TASK PROMPT: This exercise calls for the data below to be retyped exactly, minus any images.

DATA SEGMENT:
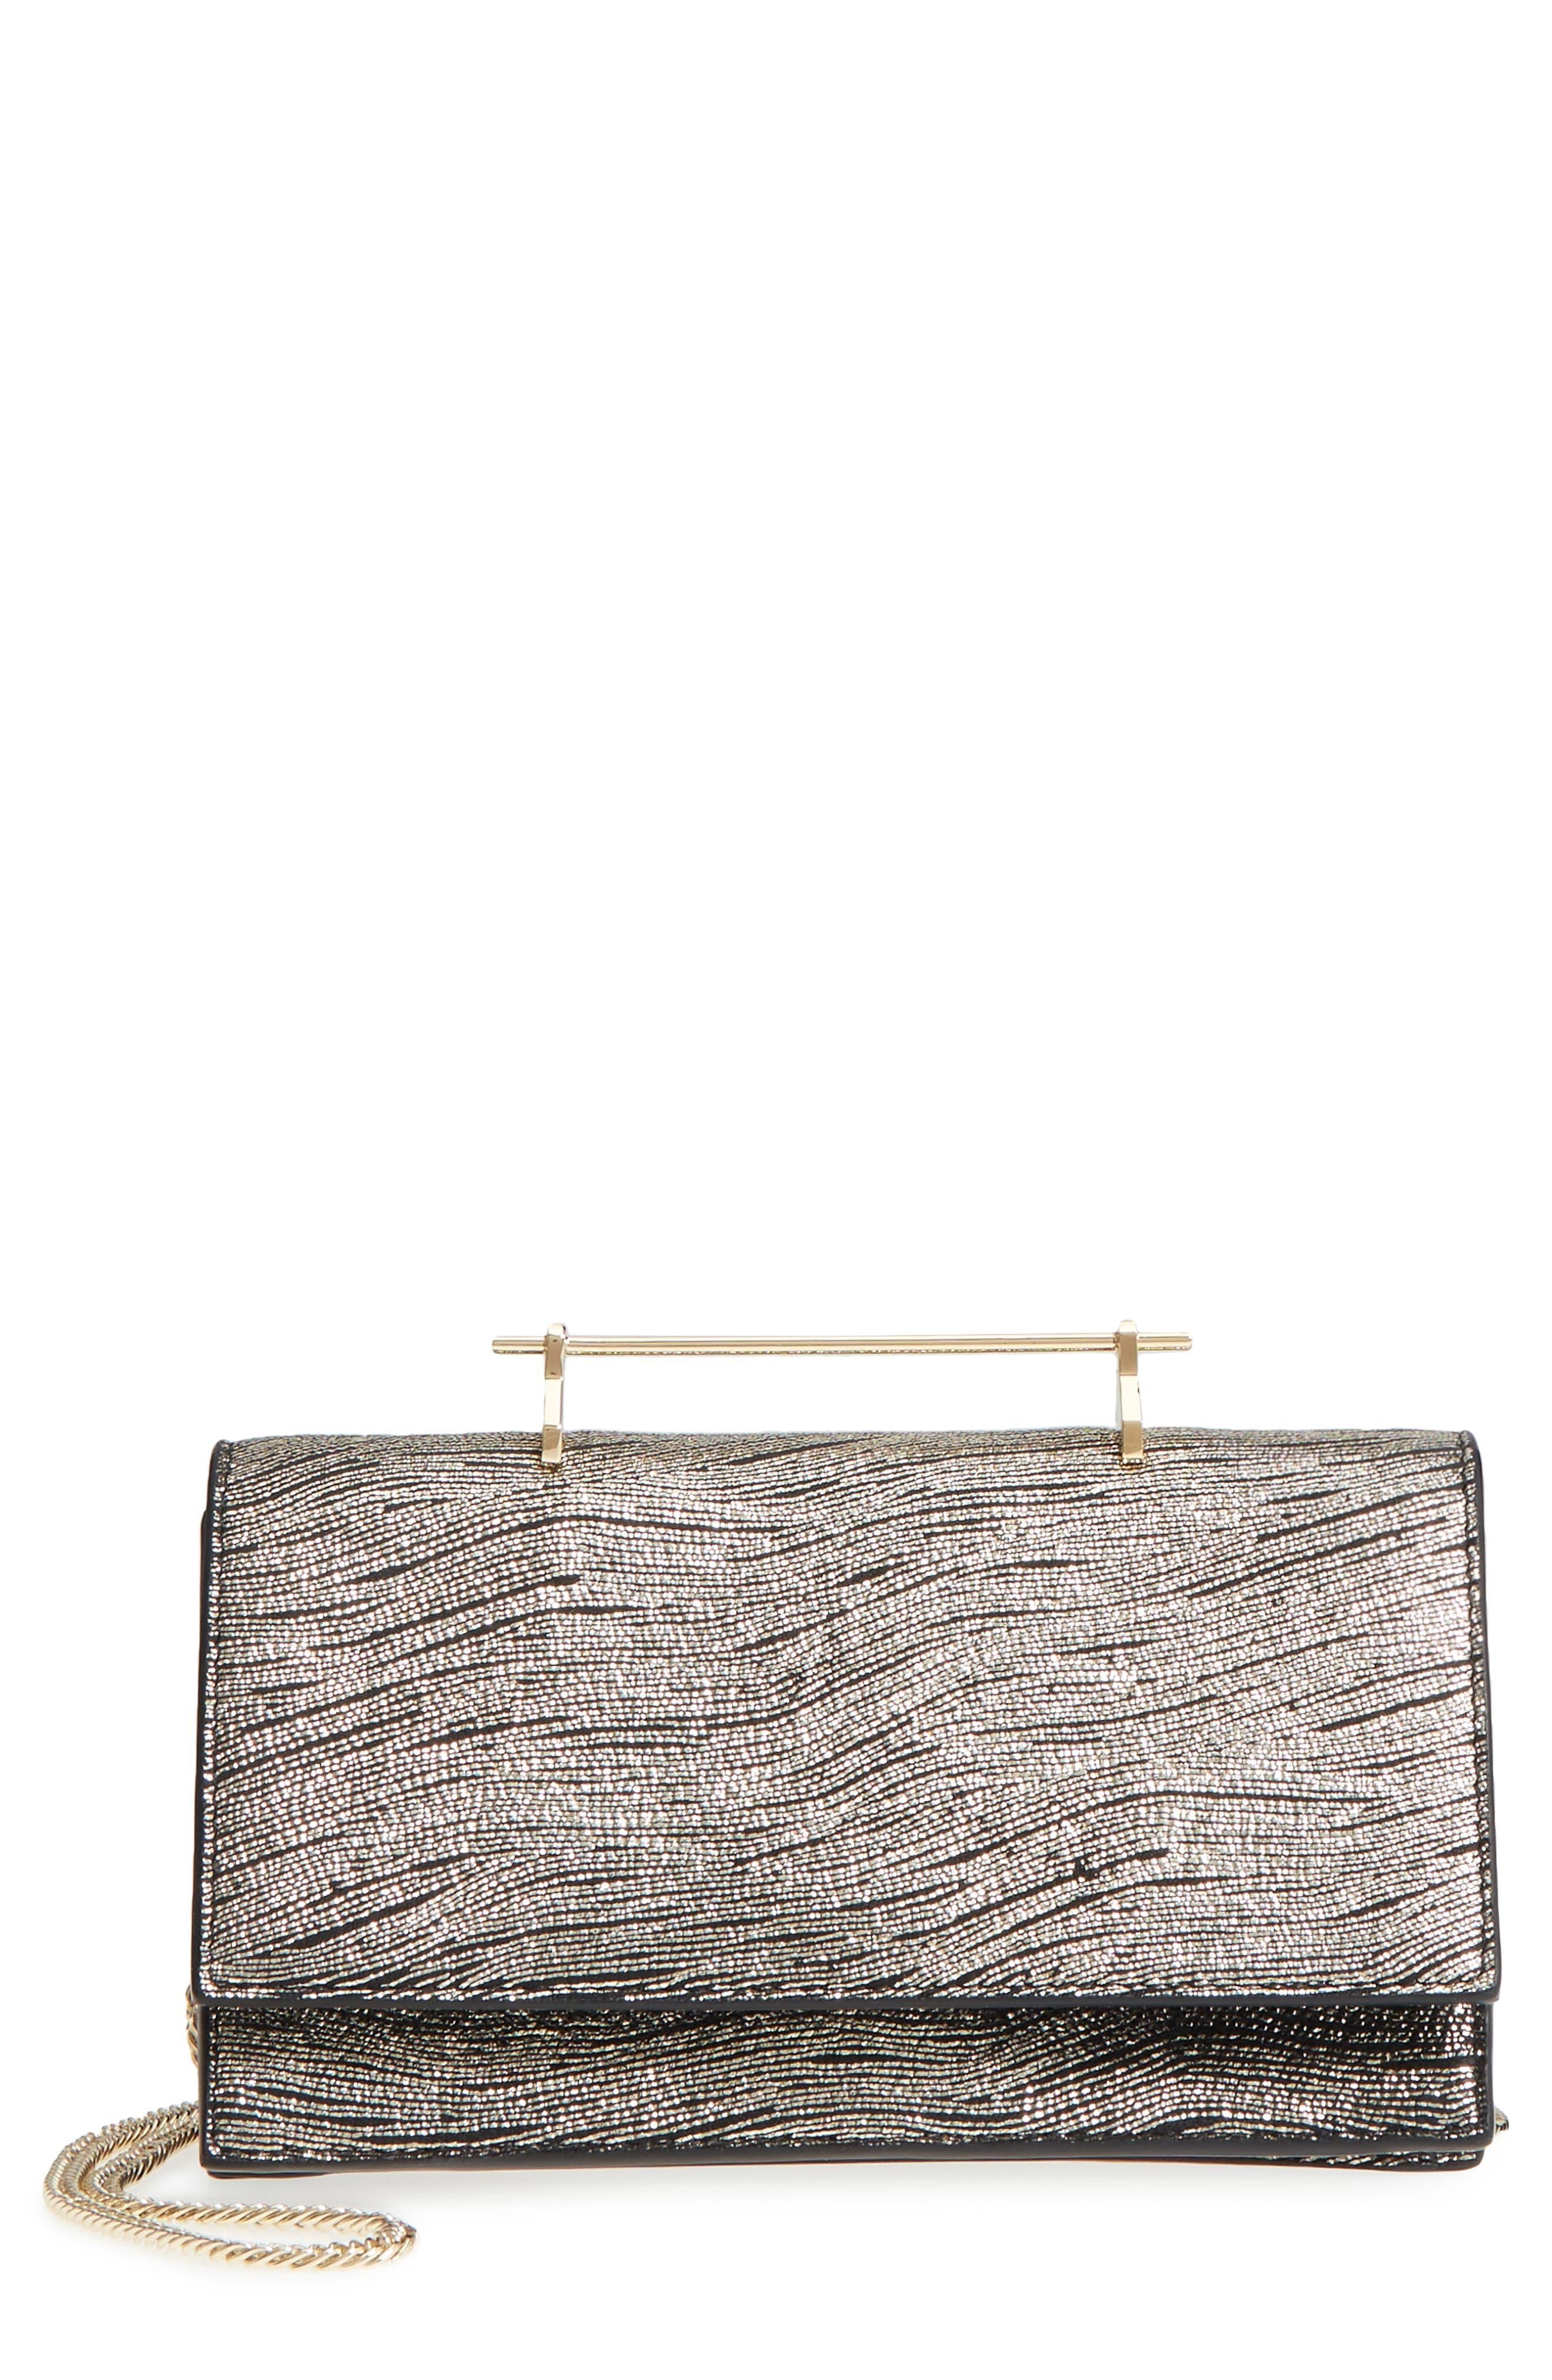 Alexia Metallic Calfskin Leather Clutch,                             Main thumbnail 1, color,                             710
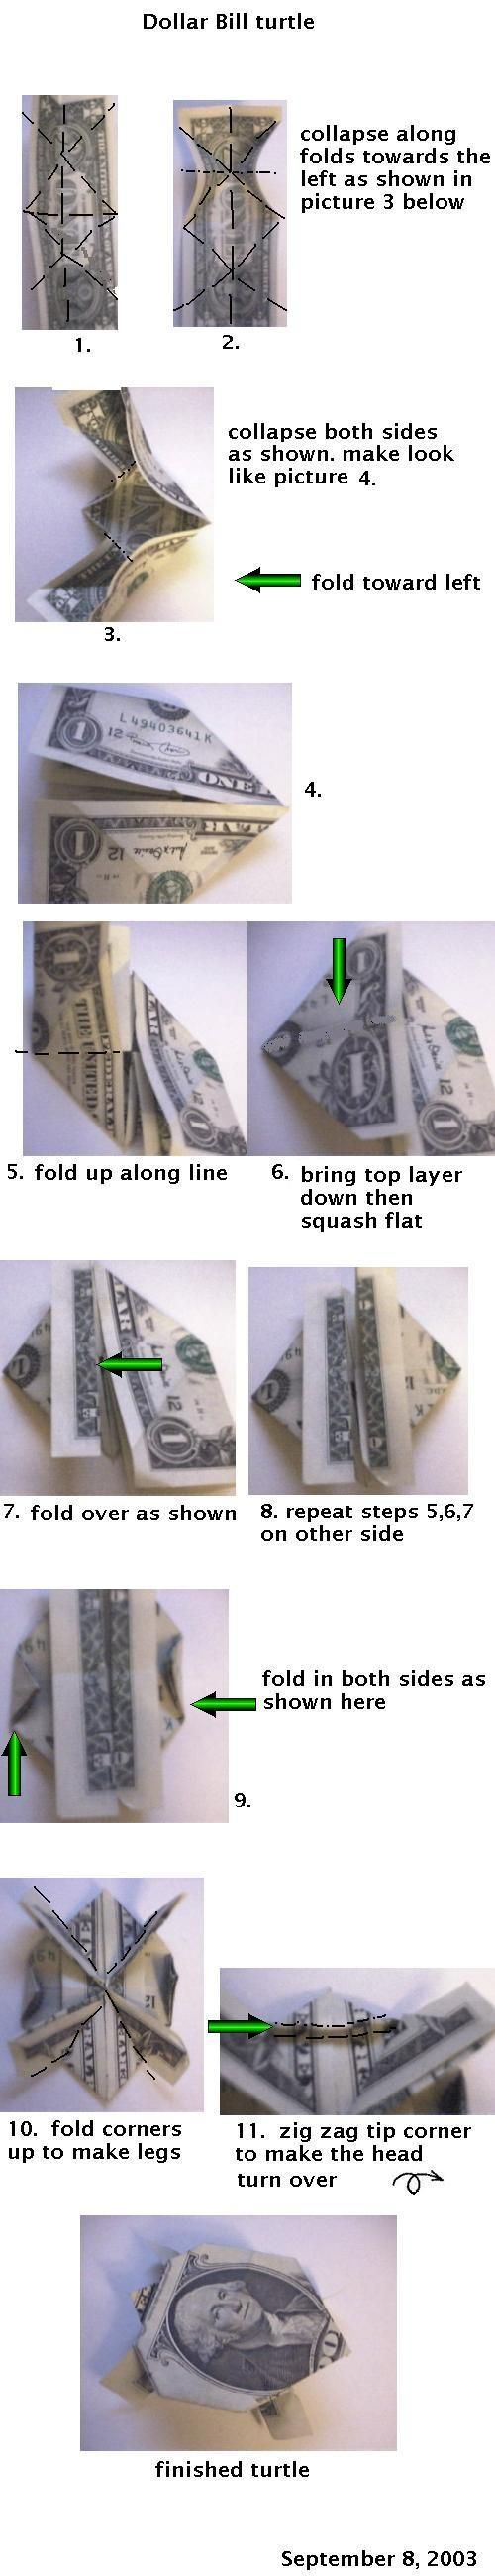 Origami money folding instructions cool ideas - Money Origami Turtle Casey
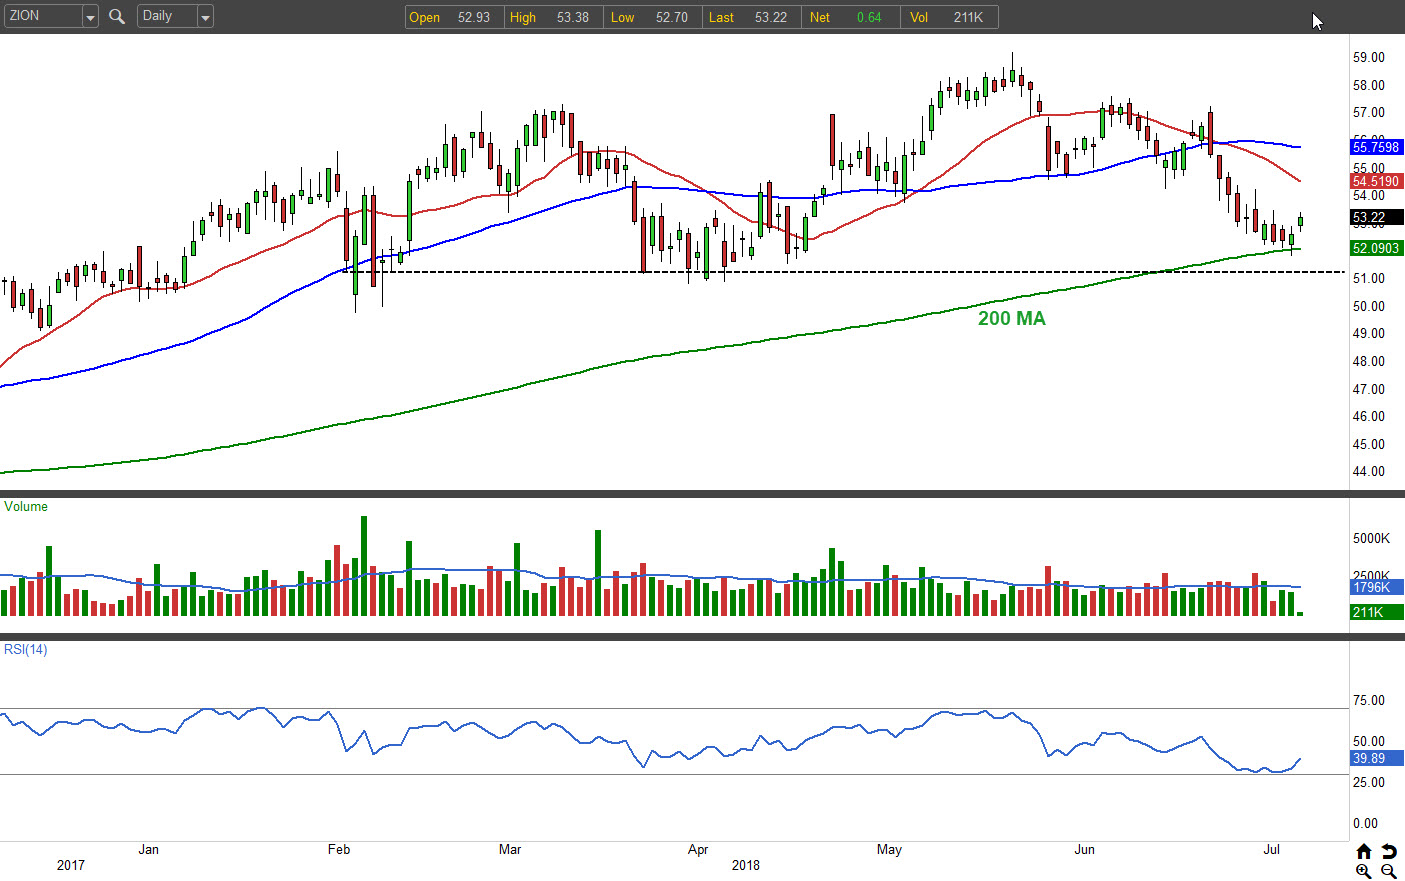 3 Beaten-Down Bank Stocks to Buy: Zions Bancorp (ZION)

SOLUTION FOR THIS TASK:
 Alexia Metallic Calfskin Leather Clutch,                             Main thumbnail 1, color,                             710
 Origami money folding instructions cool ideas - Money Origami Turtle Casey
 3 Beaten-Down Bank Stocks to Buy: Zions Bancorp (ZION)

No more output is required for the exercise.